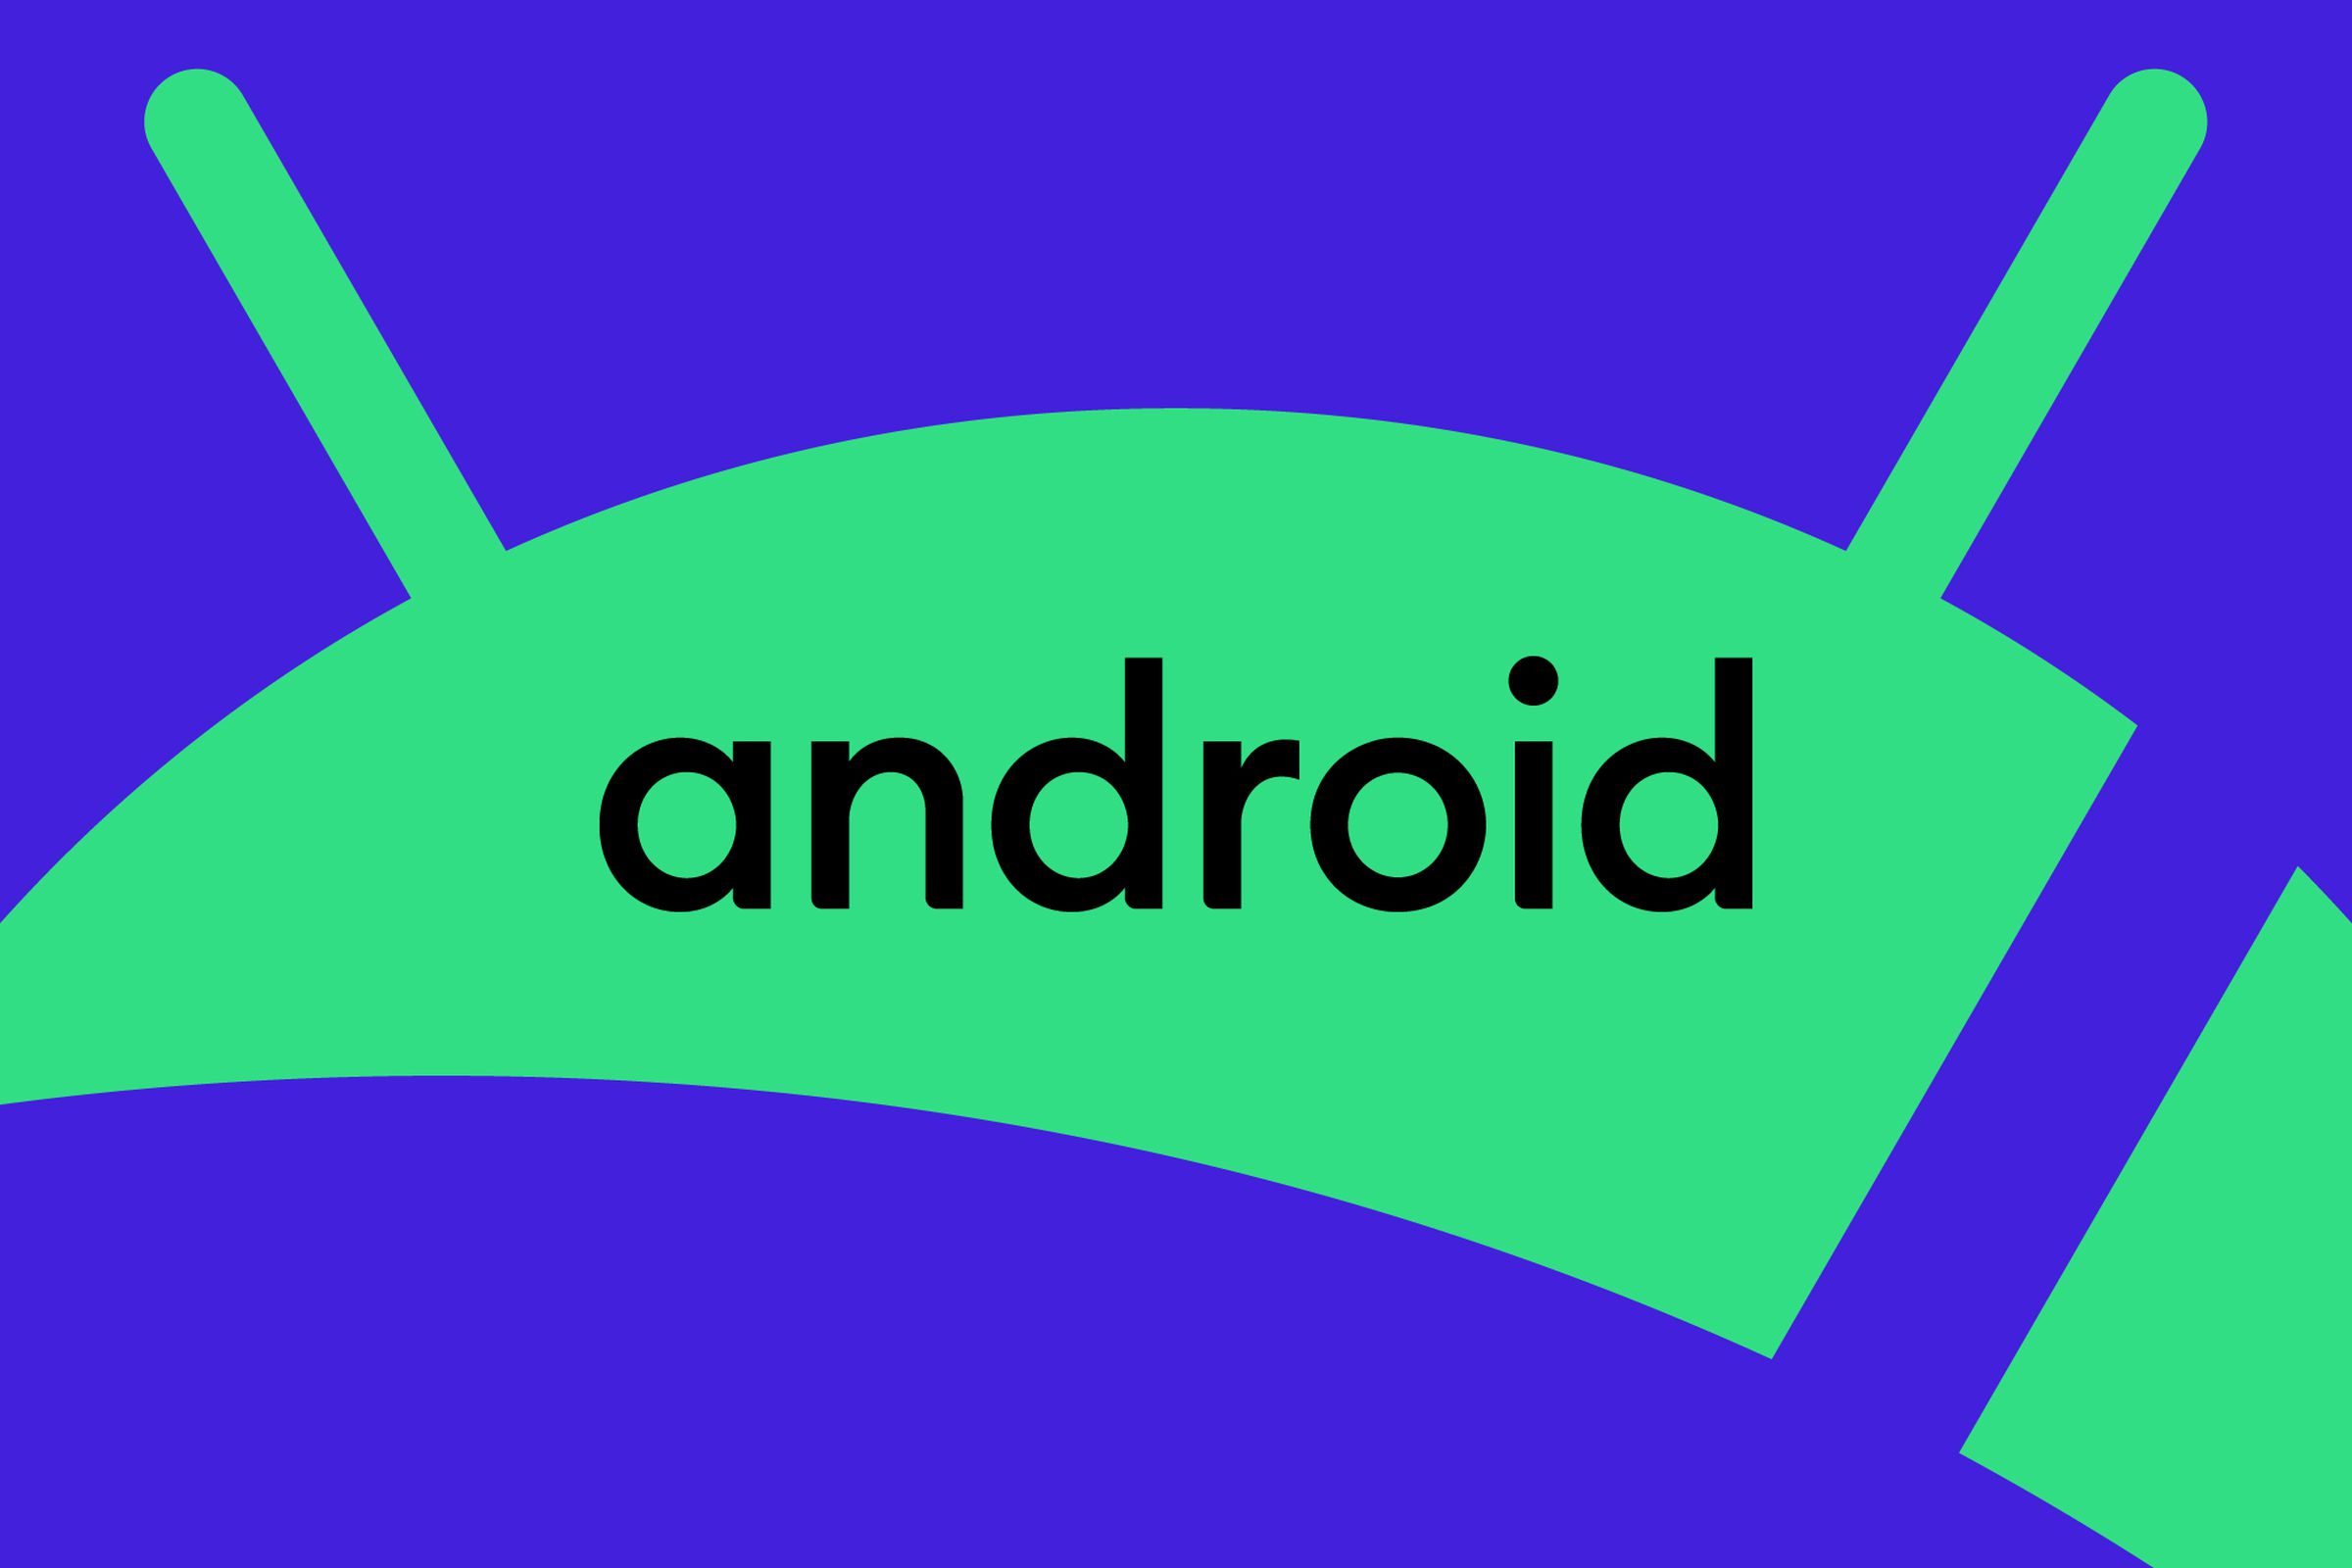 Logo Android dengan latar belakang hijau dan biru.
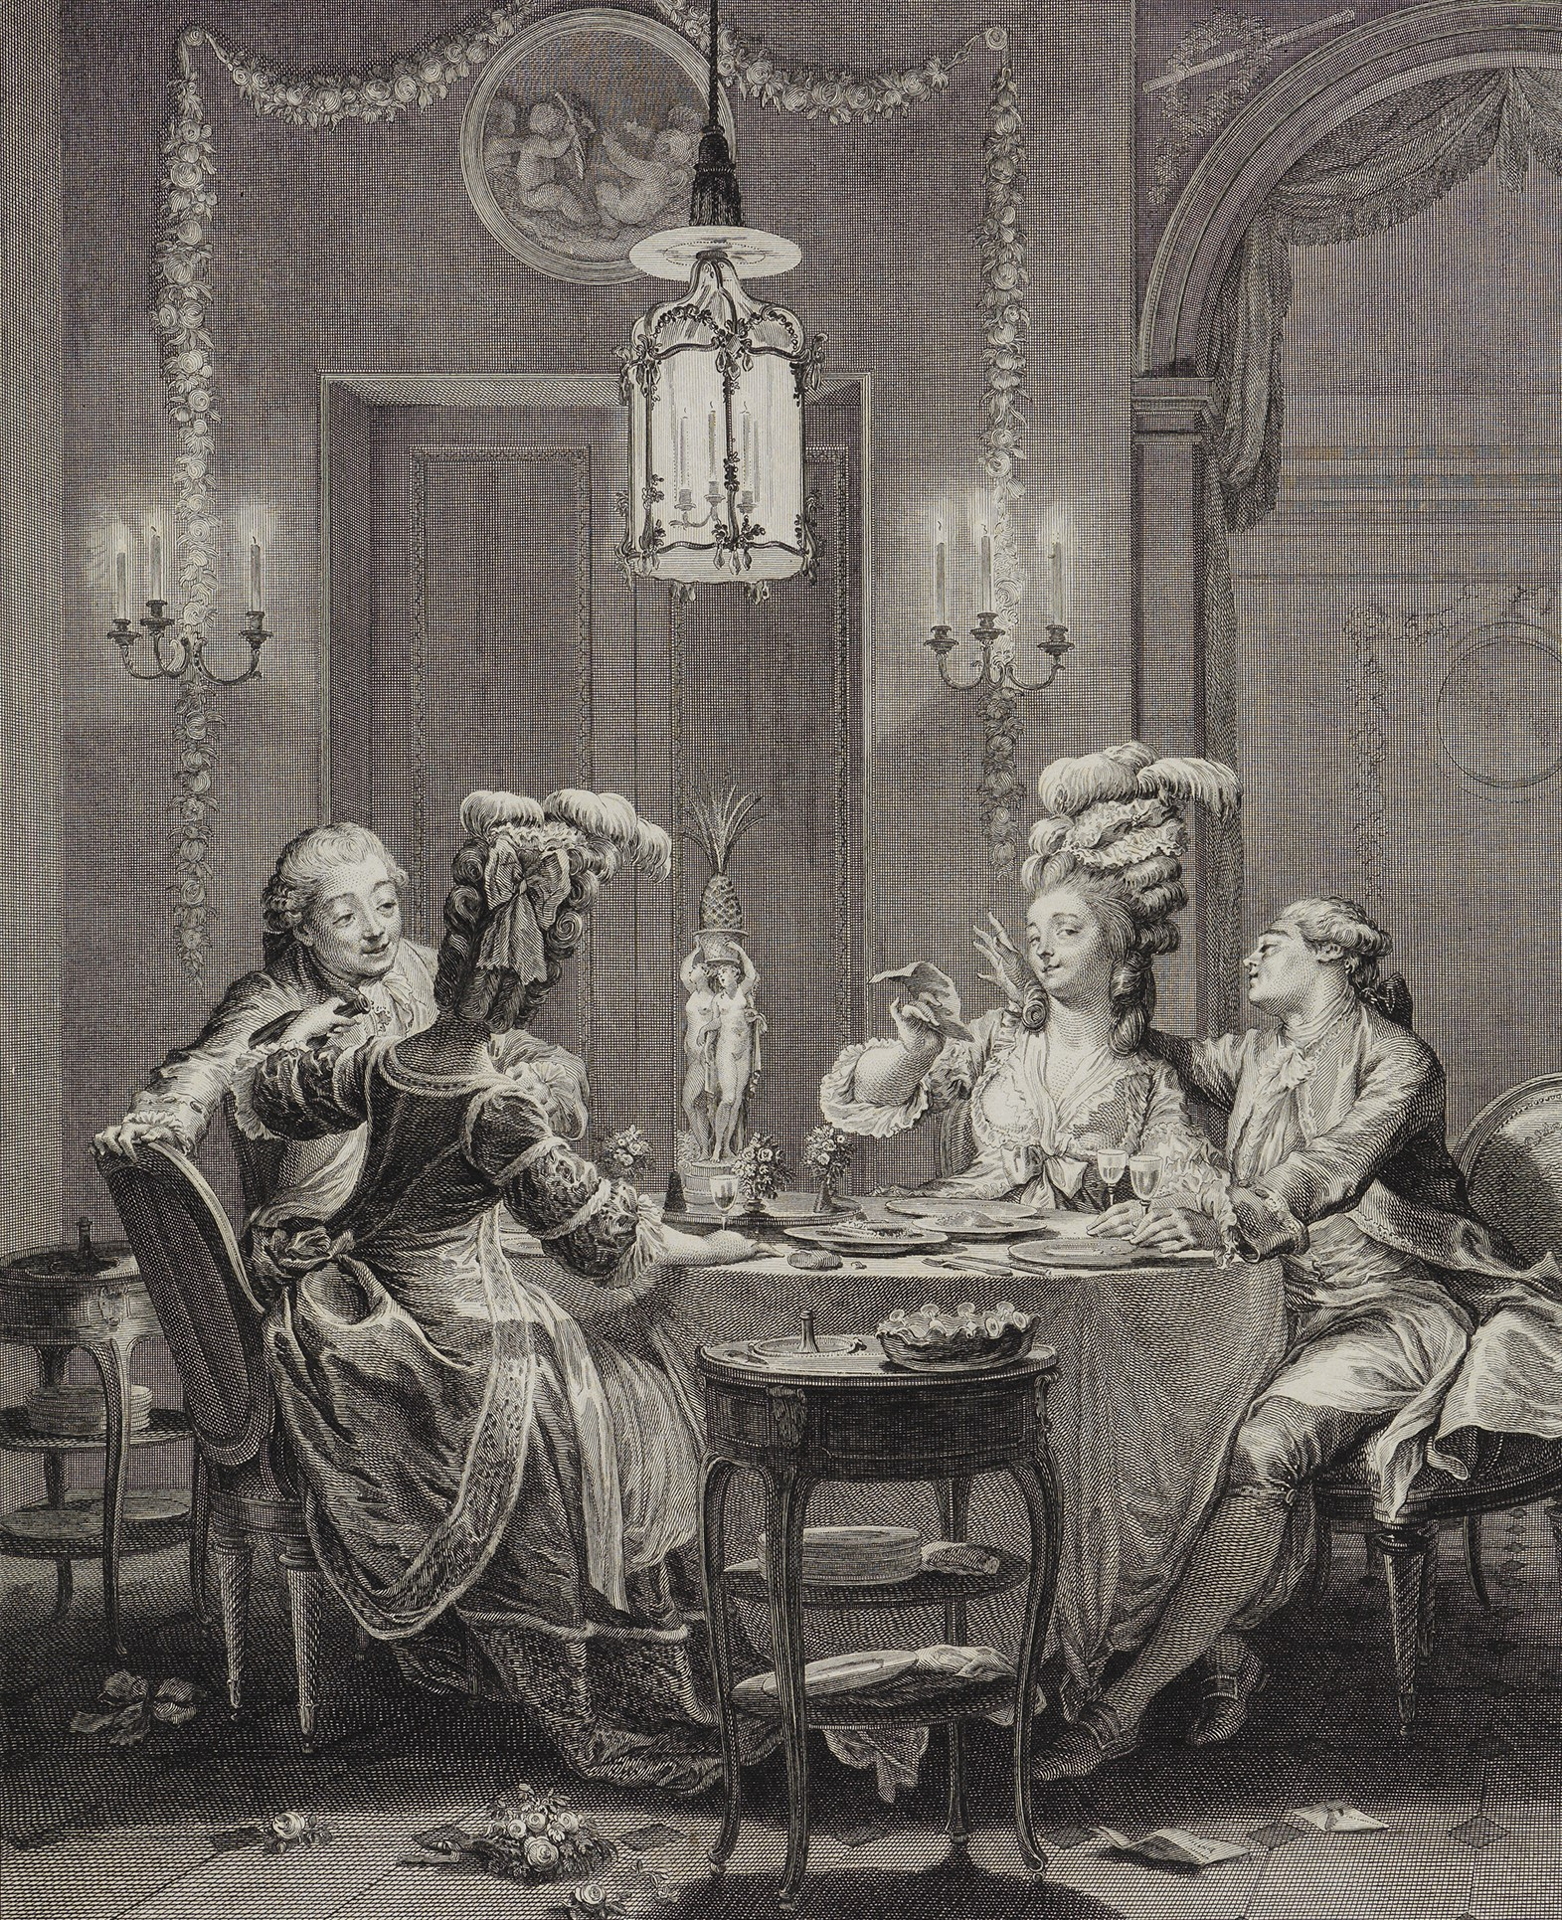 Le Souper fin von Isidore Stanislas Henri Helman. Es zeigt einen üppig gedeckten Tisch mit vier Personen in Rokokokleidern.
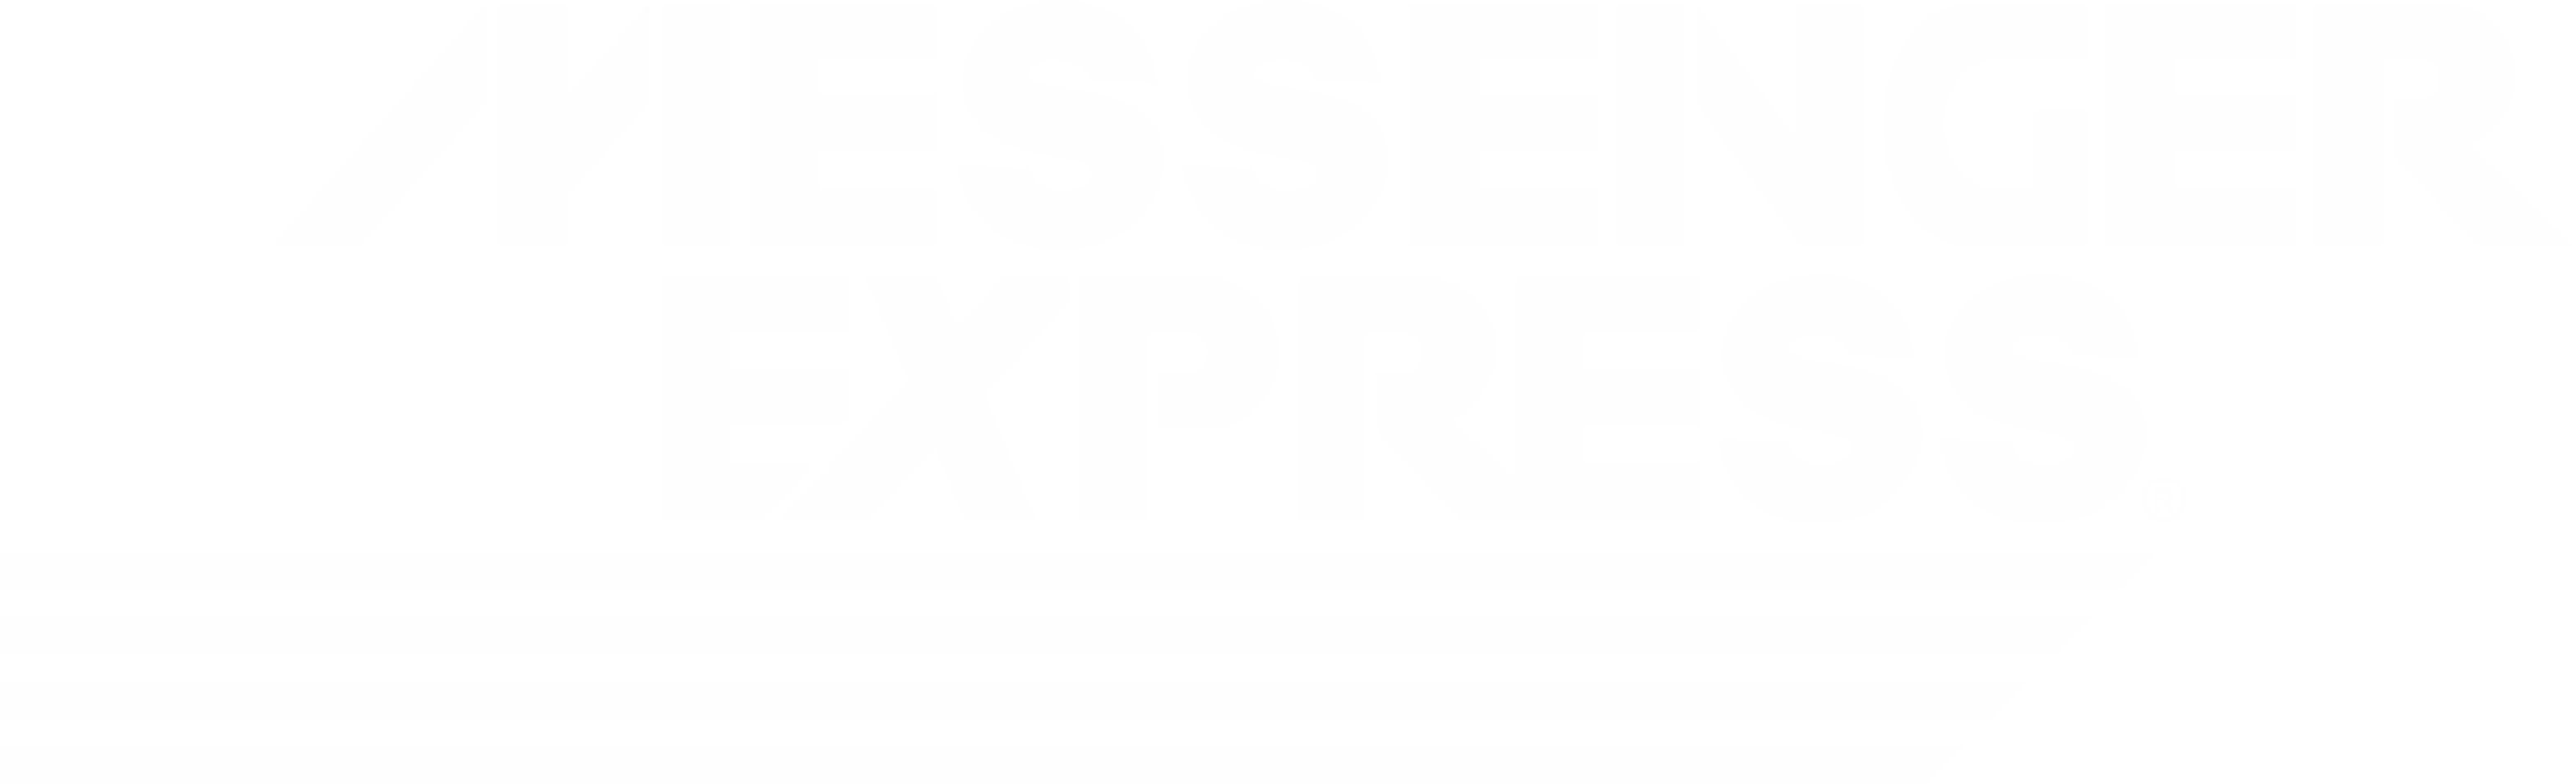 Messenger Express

• • • • • • •

What to do:
The whole listing above, line by line, needs to be copied exactly, except for any images.

Response area:
 Logo Android dengan latar belakang hijau dan biru.
 Le Souper fin von Isidore Stanislas Henri Helman. Es zeigt einen üppig gedeckten Tisch mit vier Personen in Rokokokleidern.
 Messenger Express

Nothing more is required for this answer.